Source: Carla Shroder @ Linux.com

systemctl

systemctl is the all-purpose command for managing systemd. List units with the systemctl list units and the systemctl list-units-files commands. List the status of Units with the systemctl status unitname` command.

$ systemctl status unit

returns

    bad : a problem within systemd, usually a bad unit file
    disabled : present, not configured for autonomous start
    enabled : installed and usable, will start autonomously
    indirect : disabled, but it has peers in ALSO clauses that may be enabled
    linked : unit file available through a symlink
    masked : hidden from systemd
    static : has no install requirements, depended on by another unit

    D-Bus

    D-Bus (Desktop Bus) is a message-oriented middleware mechanism that enables inter-process communication (IPC) between multiple processes running concurrently on the same machine. It provides a standardized way for applications to communicate with each other and the kernel, allowing them to exchange data and trigger actions.

    D-Bus operates on a virtual bus, which is a shared communication channel.

    There are two types of buses:

    • System bus: A single bus available to all users and processes on the system, providing access to system services.
    • Session bus: A bus for each user login session, providing desktop services to user applications.

    Namespaces: Each process connected to the bus is assigned a unique name, called a connection name, which starts with a colon (:) character. The name is used to identify the process and its services.

    Applications export objects, which provide interfaces to access specific functionality. These objects are identified by a path, similar to a file system path. Objects can implement multiple interfaces, which define the methods and signals they can send and receive. Interfaces define methods, which are functions that can be called by other processes to trigger actions or retrieve data.

    Interfaces can also define signals, which are notifications sent by an object to other processes when a specific event occurs. D-Bus sends messages between processes, containing the destination address (service name, object path, interface and method) and the data being transmitted. The bus daemon (dbus-daemon) manages the bus, assigning names, maintaining the bus topology and routing messages between processes.

    A D-Bus address consists of a service name, object path, interface and method. This address is used to route messages to the correct application, object and method.
    Bus name, interface and method are optional components of a D-Bus address. If not provided, the bus daemon will use default values or omit them.

    The bus daemon routes messages based on the address, ensuring that messages are delivered to the intended recipient. D-Bus provides a set of libraries and tools for developers to integrate D-Bus into their applications. These include:

    • libdbus: A C library for interacting with the D-Bus daemon.
    • dbus-python: A Python binding for libdbus.
    • busctl: A command-line tool for managing and inspecting the bus.

    Overall, D-Bus provides a standardized, platform-agnostic mechanism for inter-process communication, enabling applications to seamlessly interact with each other in a Linux desktop environment.

    Unit Files

    Each unit is defined and configured using a unit file. For example, a unit file may specify the location of an executable file for a service, tell systemd how to start and stop the service and identify any other units that the service depends on.
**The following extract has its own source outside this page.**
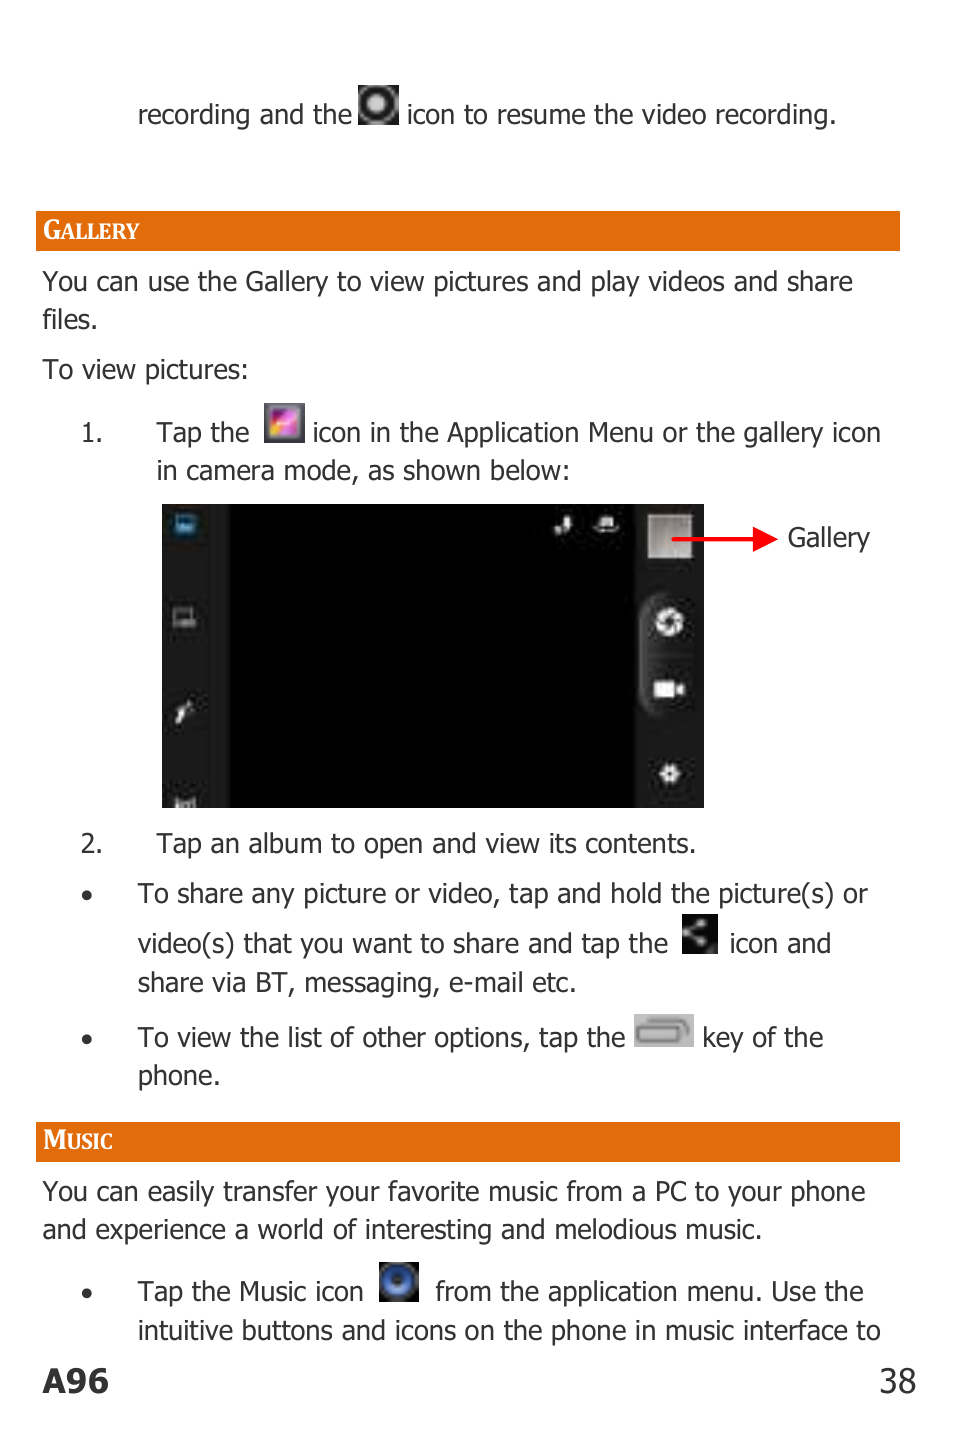 Allery, Usic, A96 38 | Micromax Canvas Power User Manual | Page 38 / 56

    Packages typically print their unit files into /usr/lib/systemd/system during installation. Do not modify these files. Local unit files go in /etc/systemd/system. Transient units are written into /run/systemd/system while programs are running. Unit files typically use file extensions like .service or .timer, which depend on the kind of unit it is.
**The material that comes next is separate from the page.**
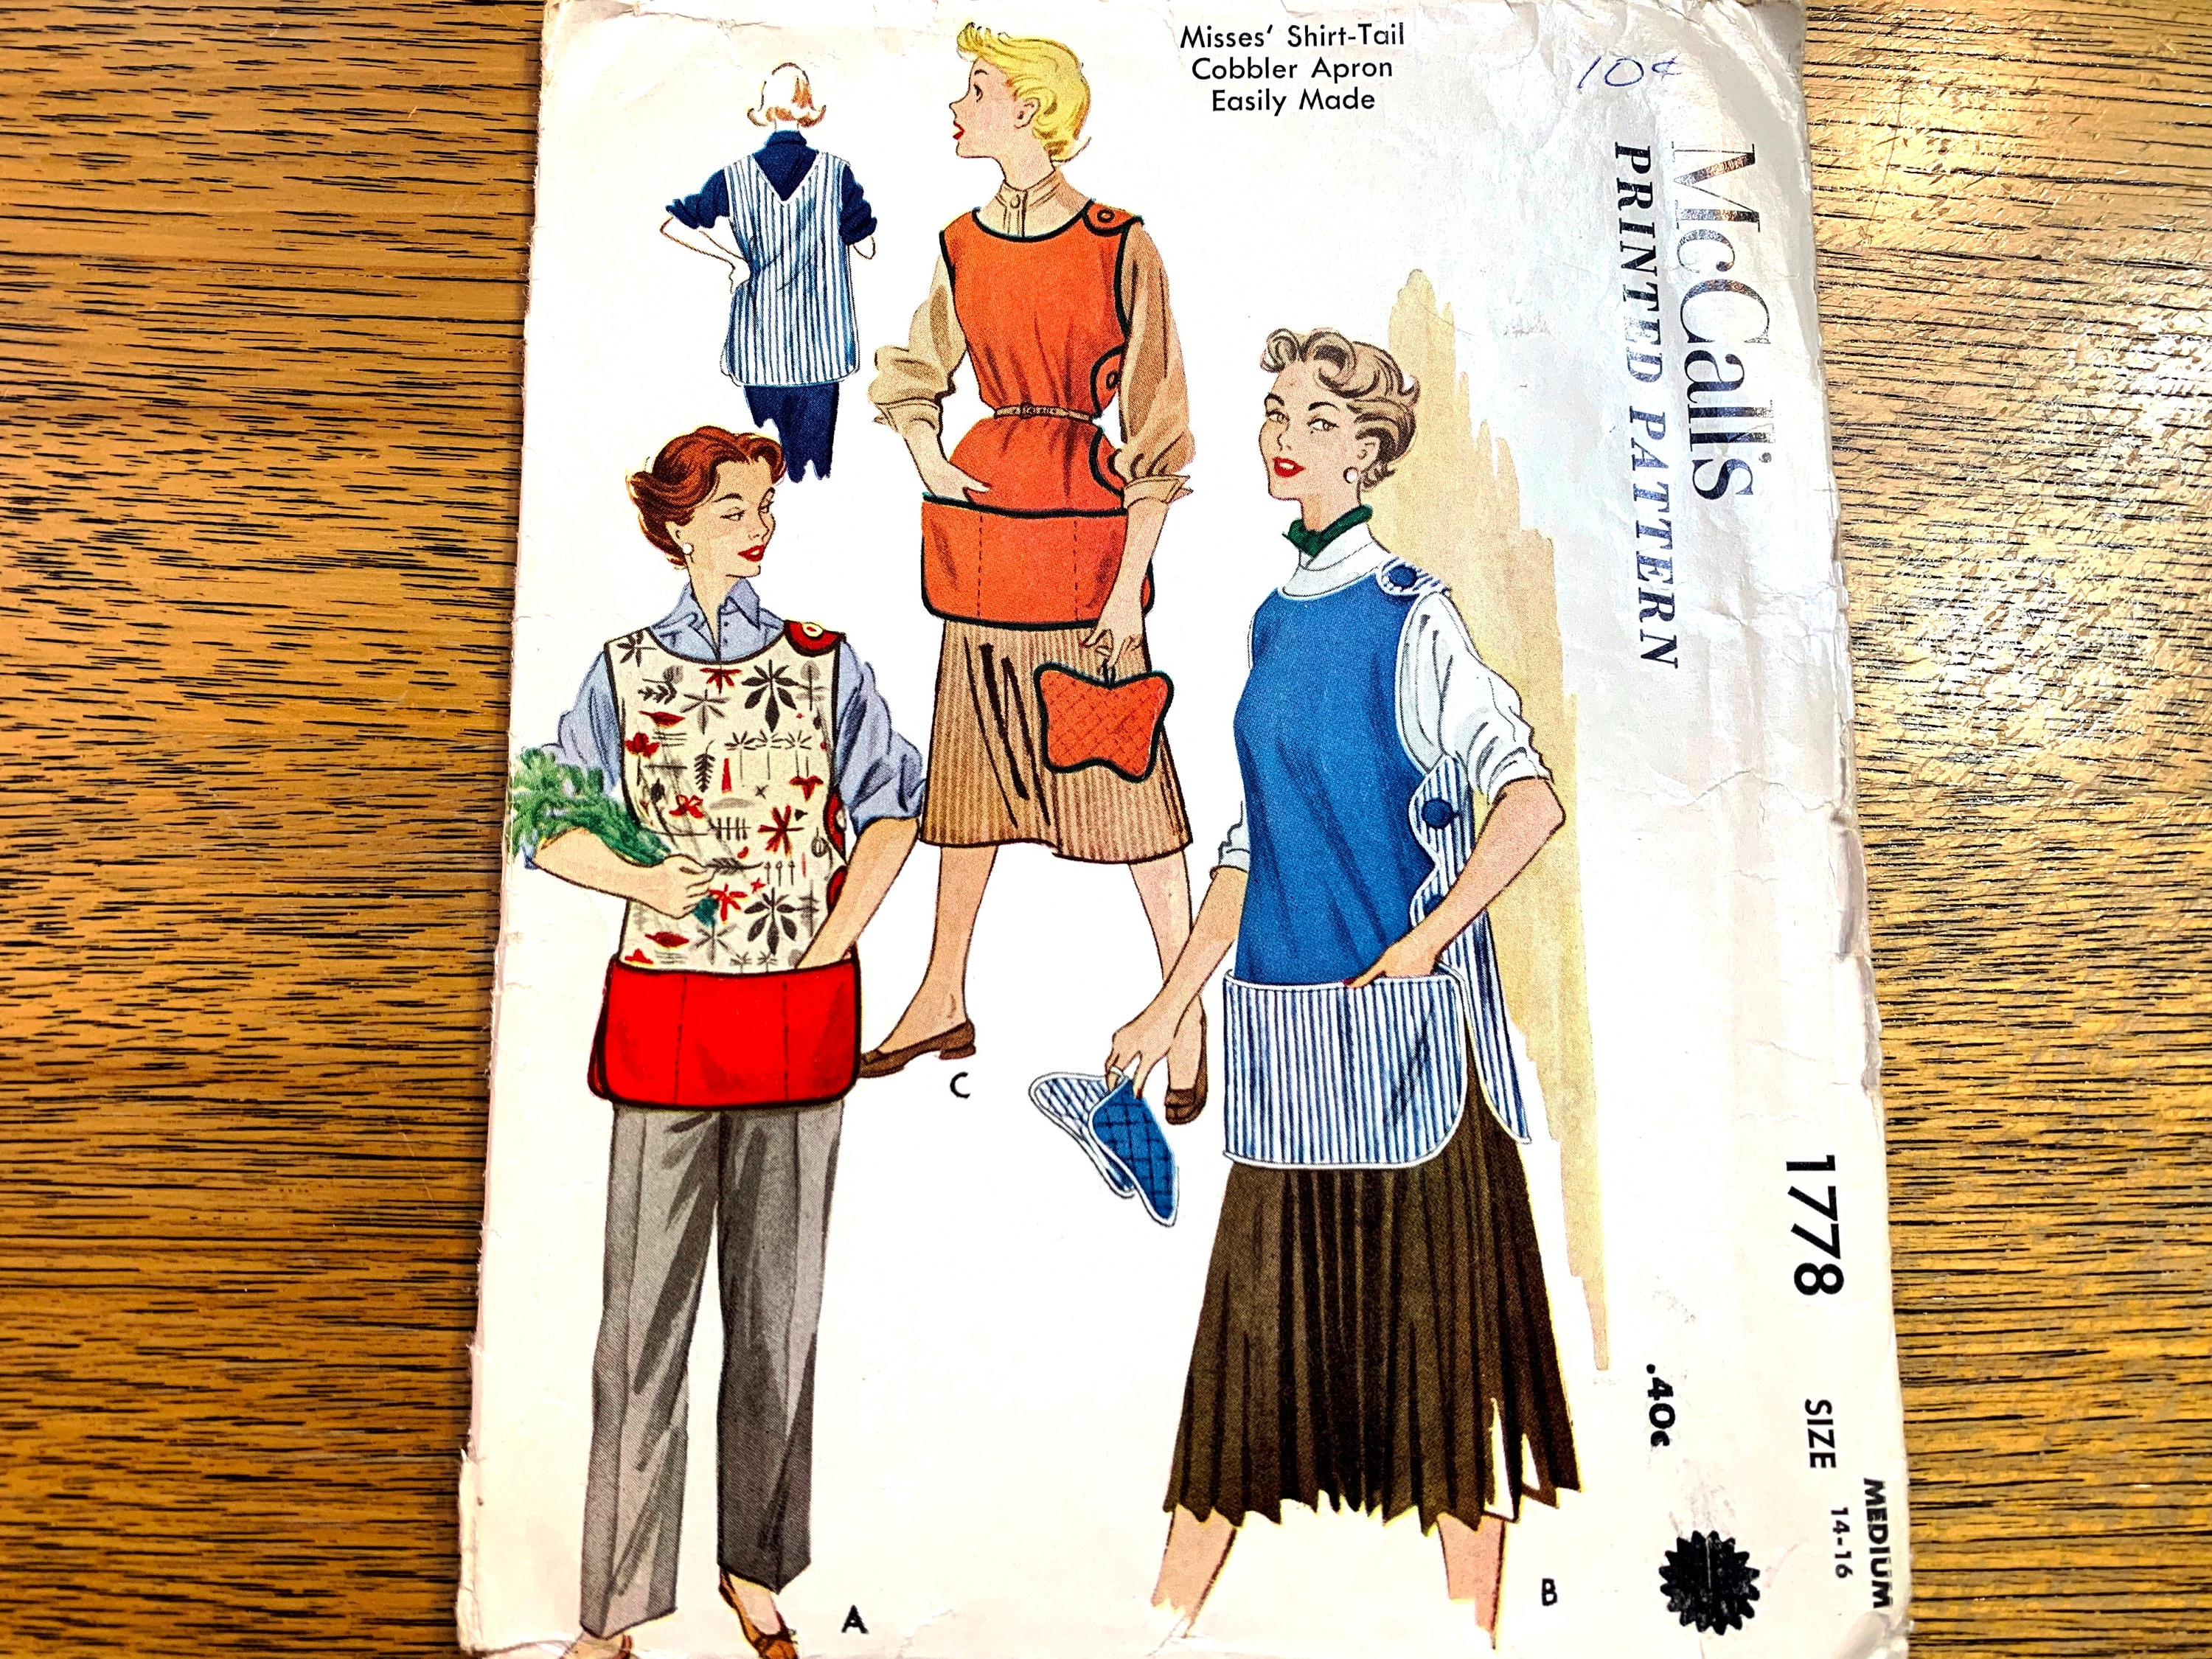  Simplicity 1950's Vintage Fashion Women's Apron Sewing Pattern,  Sizes S-L : Arts, Crafts & Sewing

    Files located in the /etc/systemd/system directory have the highest priority. It’s the best place to modify the way a unit functions. Unit files found in this directory take precedence over any of the other locations on the filesystem. It is the safest and most flexible place to modify your system’s copy of a unit file.

    Rather than editing a system unit file directly, you can add a subdirectory to the file, with unit file snippets in it, which appends or modifies the instructions of the system’s unit file, allowing you to specify only the changes. Do so by creating a directory named after the unit file with .d appended on the end.
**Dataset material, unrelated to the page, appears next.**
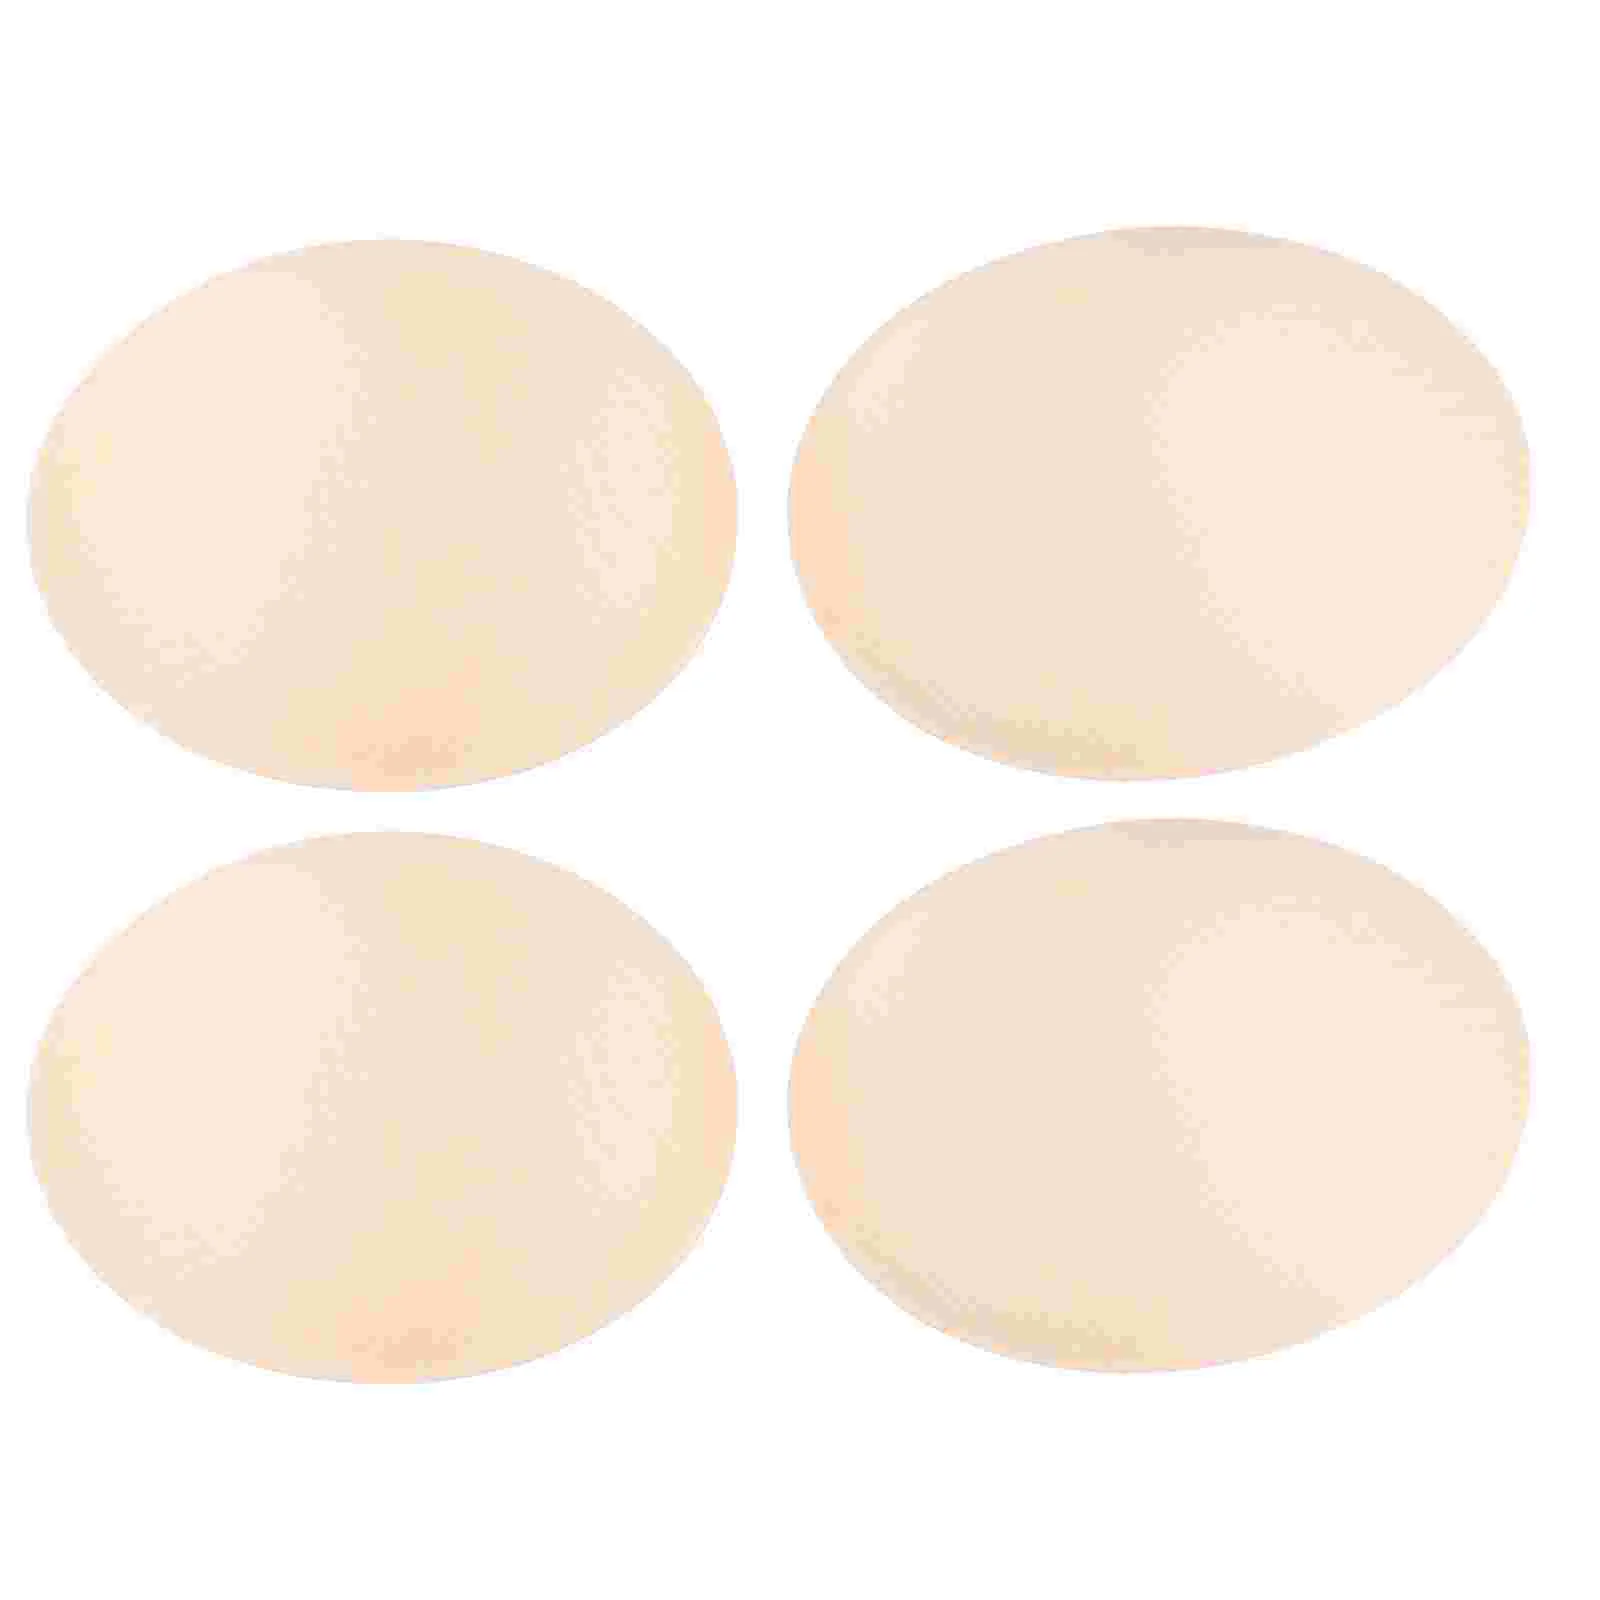 

2 Pairs Breast Pad Inserts Push Bandeau Sports Sponge Padding Vest Liners Women Intimates Accessories Miss Clothes Covers

    So, for a unit called example.service, mkdir a subdirectory called example.service.d. Override or extend the attributes of the system’s example.service unit file, by creating a file ending with .conf within example.service.d.

    Units are organized into sections indicated by the name of the section in square brackets, like this: [section]. Within these sections, unit behavior and metadata is defined through the use of simple directives using a key-value format with assignment indicated by an equal sign, like this:

    Instruction1=value
    Instruction2=value

    [Unit] is usually the first section. It describes the unit. It defines metadata for the unit and configures its relationships with other units.

    The [Service] section provides configuration for services.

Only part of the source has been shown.